Exercise aim = Without the pictures, restate all of the data below word for word.

The data =
┌──

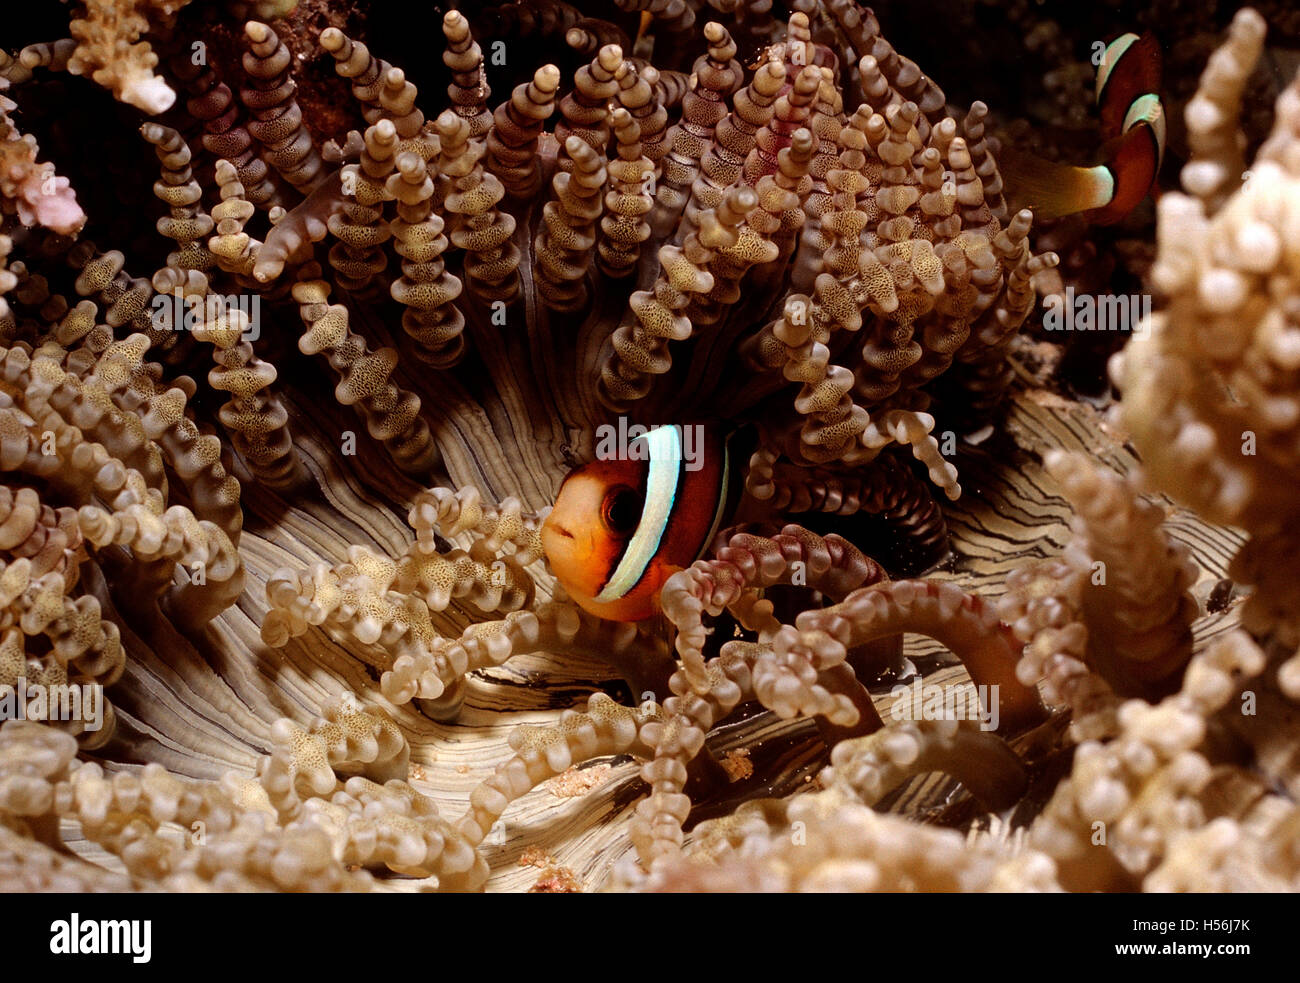 Clarks anemonefish (Amphiprion clarkii, Heteractis aurora), Bali, Indian Ocean, Indonesia Stock Photo
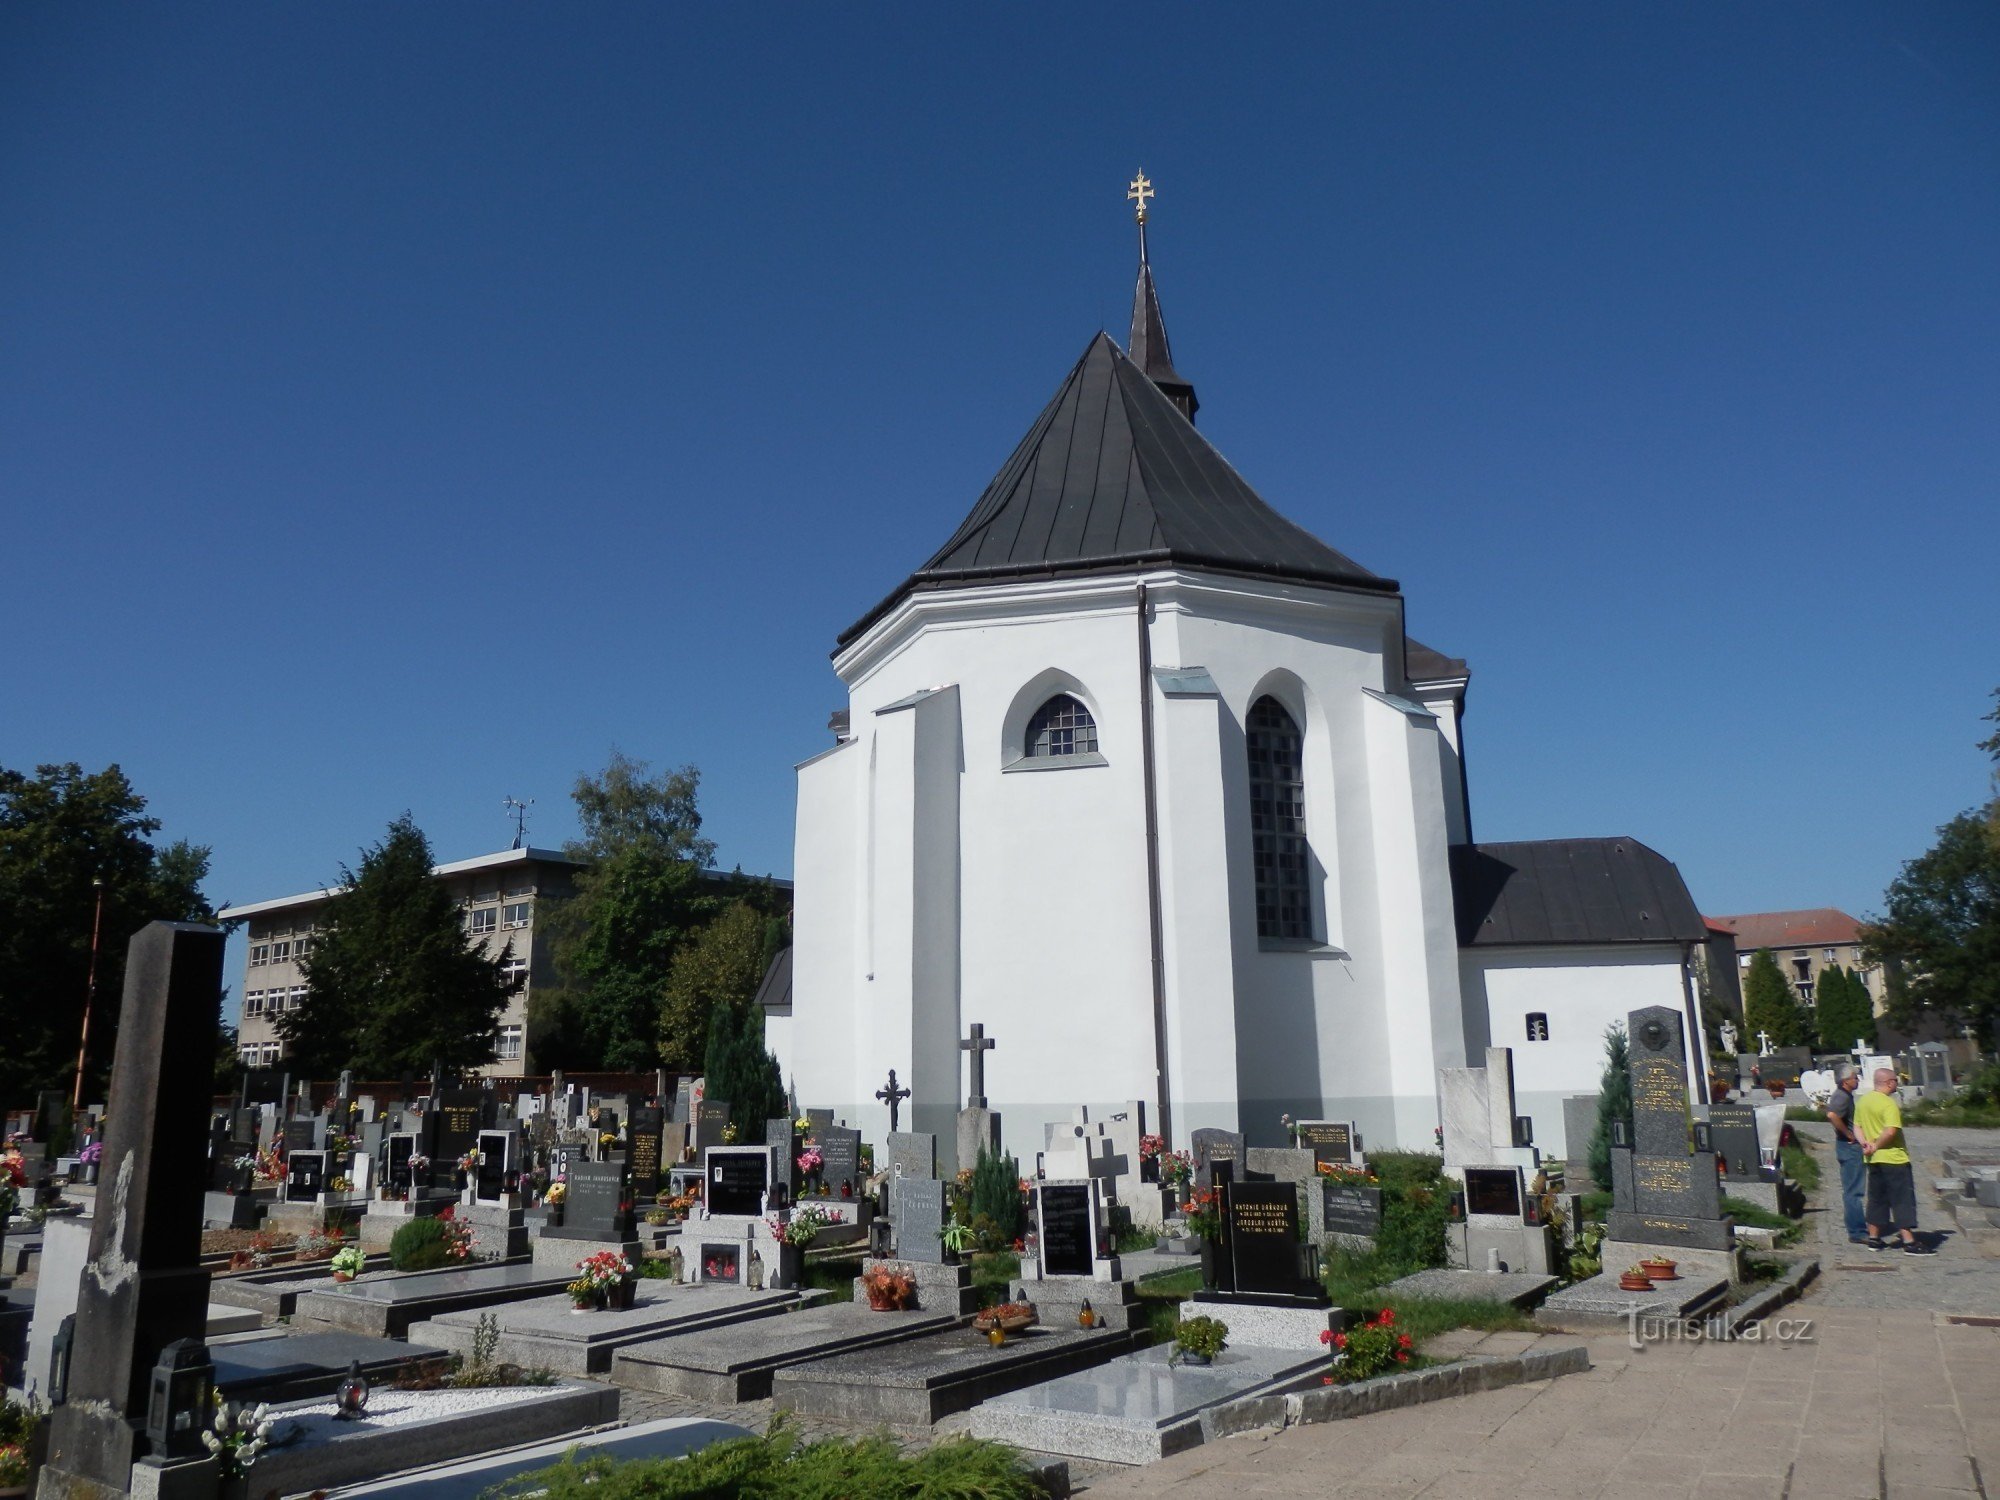 Церква Святої Трійці в Бистрице над Пернштейном
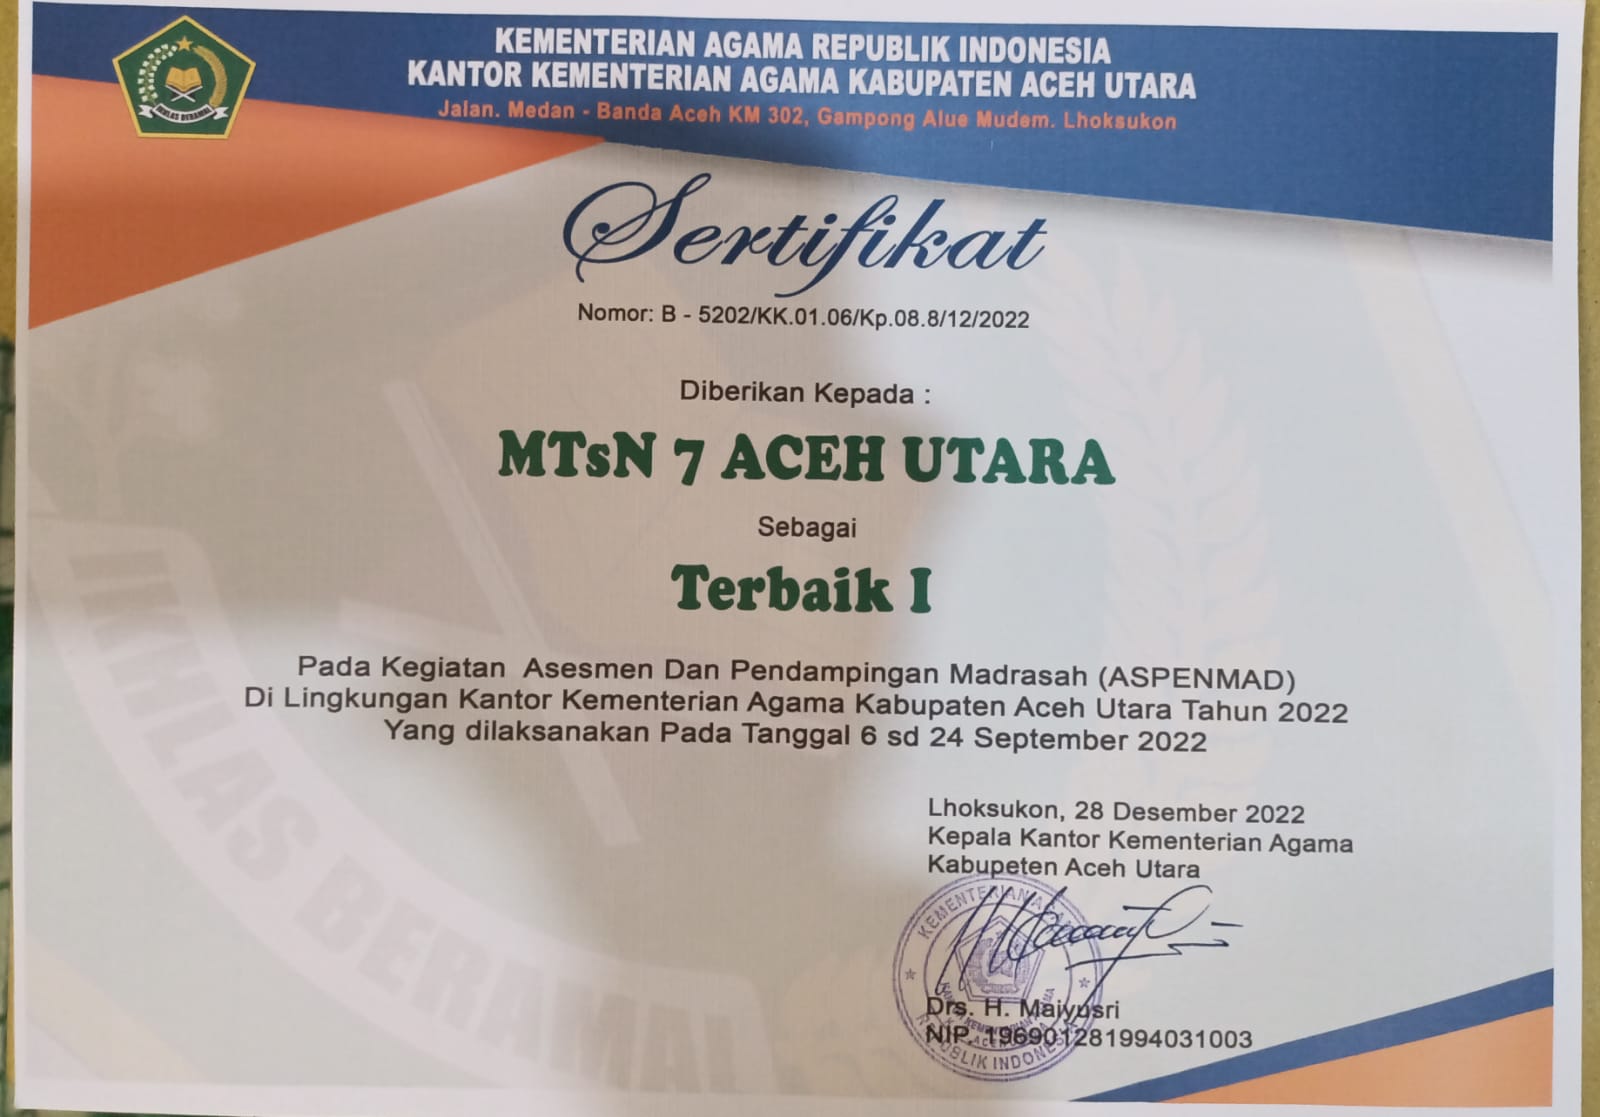 MTsN 7 Aceh Utara Kembali Meraih sebagai Terbaik I pada ASPENMAD 2022
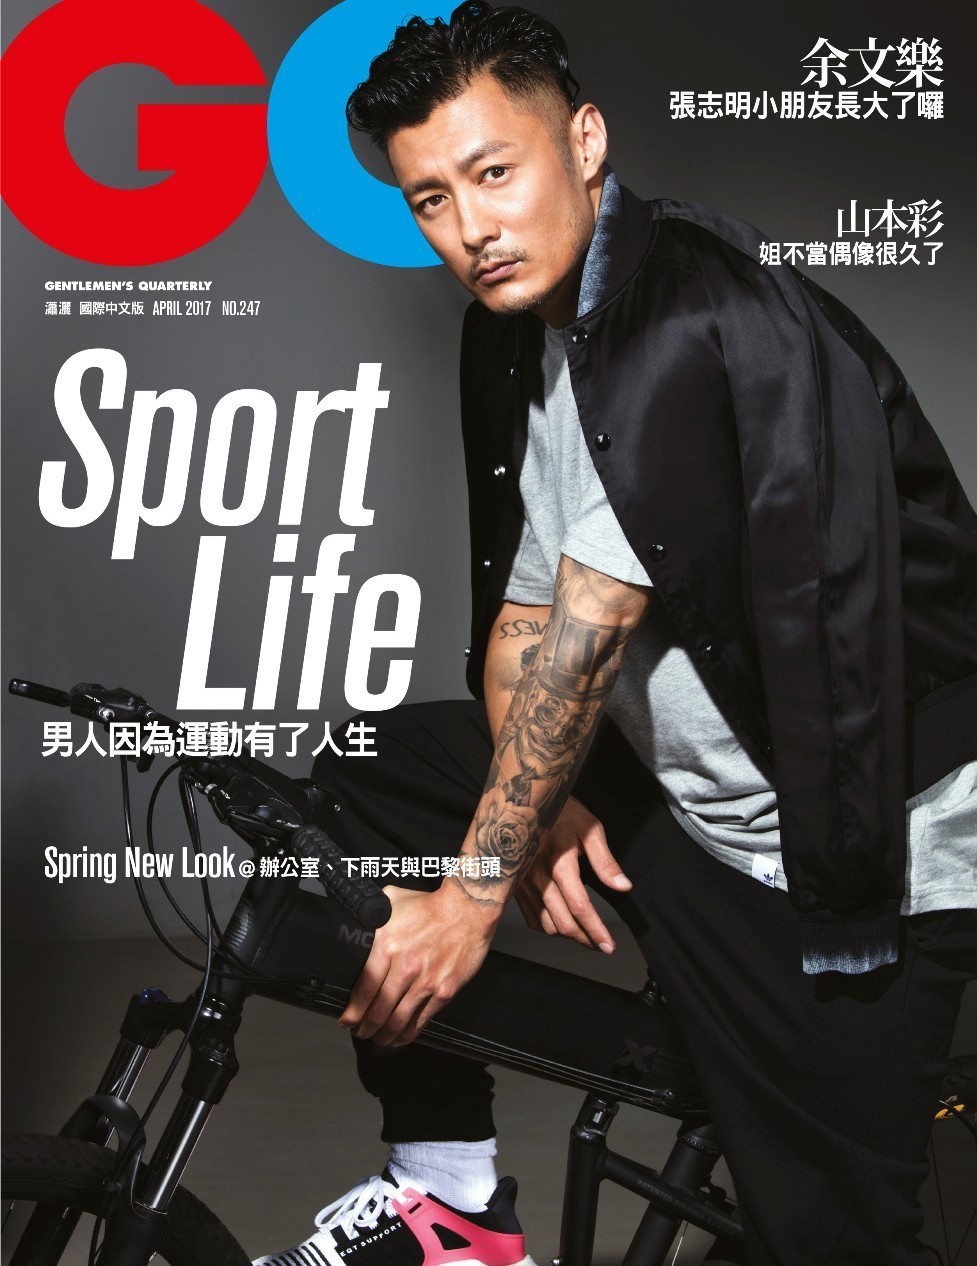 六叔余文乐本周也登上了台湾版《gq》4月刊封面.

└──

Response for this exercise =
 Clarks anemonefish (Amphiprion clarkii, Heteractis aurora), Bali, Indian Ocean, Indonesia Stock Photo
 Церква Святої Трійці в Бистрице над Пернштейном
 MTsN 7 Aceh Utara Kembali Meraih sebagai Terbaik I pada ASPENMAD 2022
 六叔余文乐本周也登上了台湾版《gq》4月刊封面.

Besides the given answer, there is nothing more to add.